As an alternative argument, on average slightly more murderers than nonmurderers should survive purely because murderers do not commit suicide so have a slight bias to killing nonmurderers, though this is mitigated by an increasing proportion of murderers surviving and so being available to be murdered. If we say that the expected number of actual murders is $2N-x$, and the first kills an expected $\frac{N-1}{2N-1}$ murderers and $\frac{N}{2N-1}$ non-murderers and so on for later murders, it might be possible to argue in a handwaving way that for $N=100$ you might have $M-C \approx 0.4$, not so far from the simulated $0.3055$ (there may be some minor unjustified simplifications in this, but as an order of magnitude it seems reasonable).
So as $N$ increases, it seems likely that the expected proportion of survivors who are murderers $\frac M{M+C} \to \frac12$ from above, and so both $\frac{M}N$ and $\frac{C}N$ tend towards $0.60653\ldots$.
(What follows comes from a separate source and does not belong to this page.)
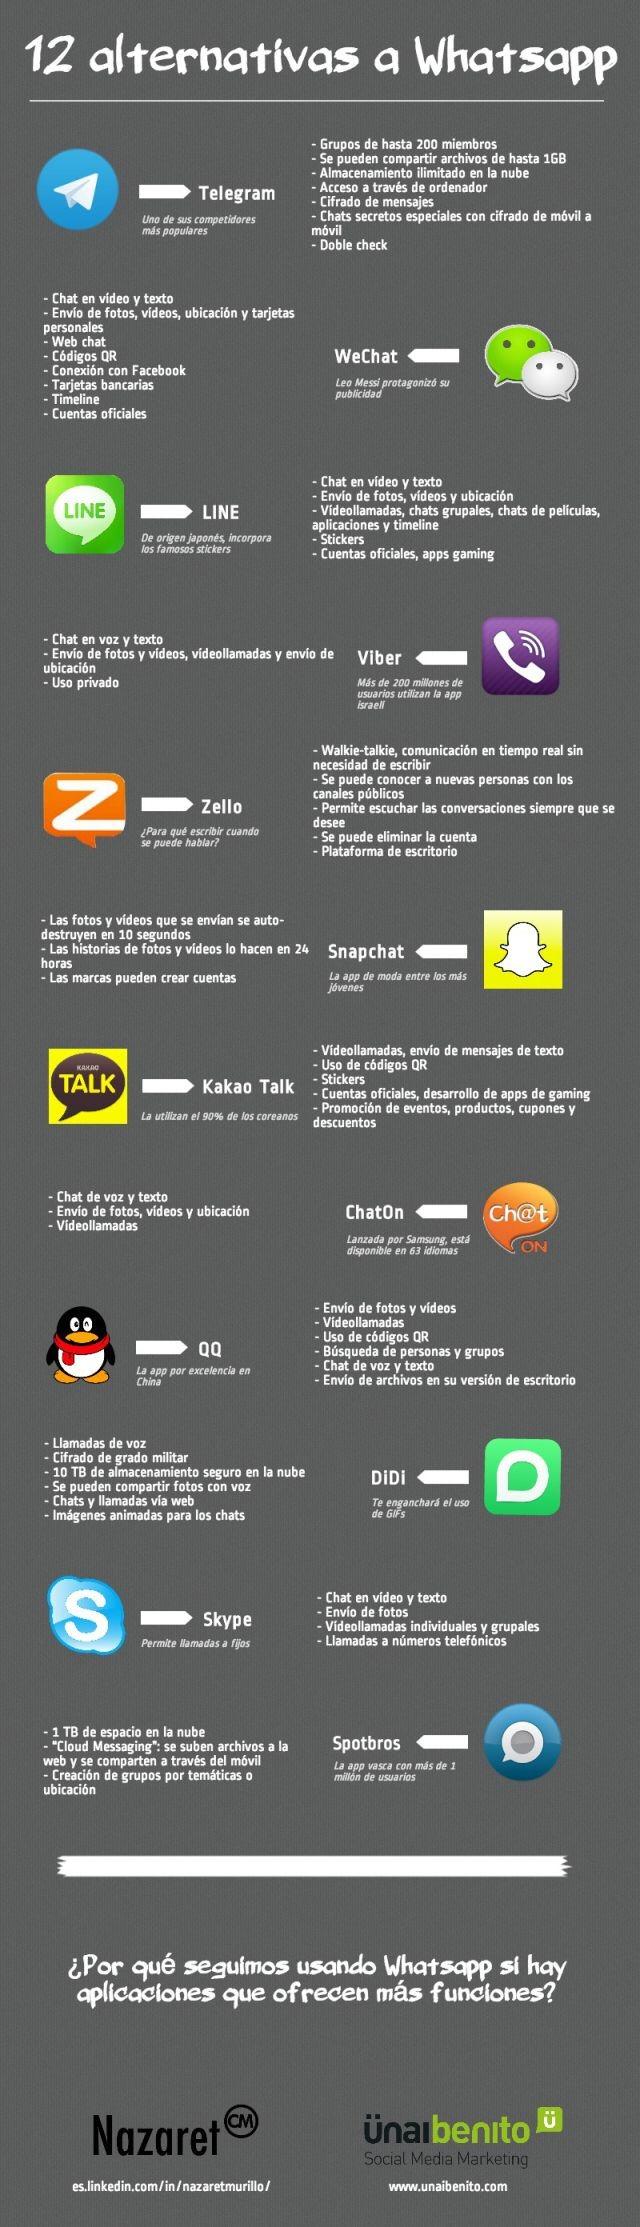 Whatsapp las 12 alternativas en una infografía

The initial population is $2x$, half each. The population at time $t$ is $2x-t$. We want to find $t$ when the population of murderers is zero.
The differential equation obeyed by murderers is
$$\frac{dM}{dt}=-1-\frac M{2x-t}, M(0)=x$$
from which the proportion that survives is $e^{-1/2}$.
The number of nonmurderers that survive seems to be $x-t/2$, so half the population at any time is nonmurderers.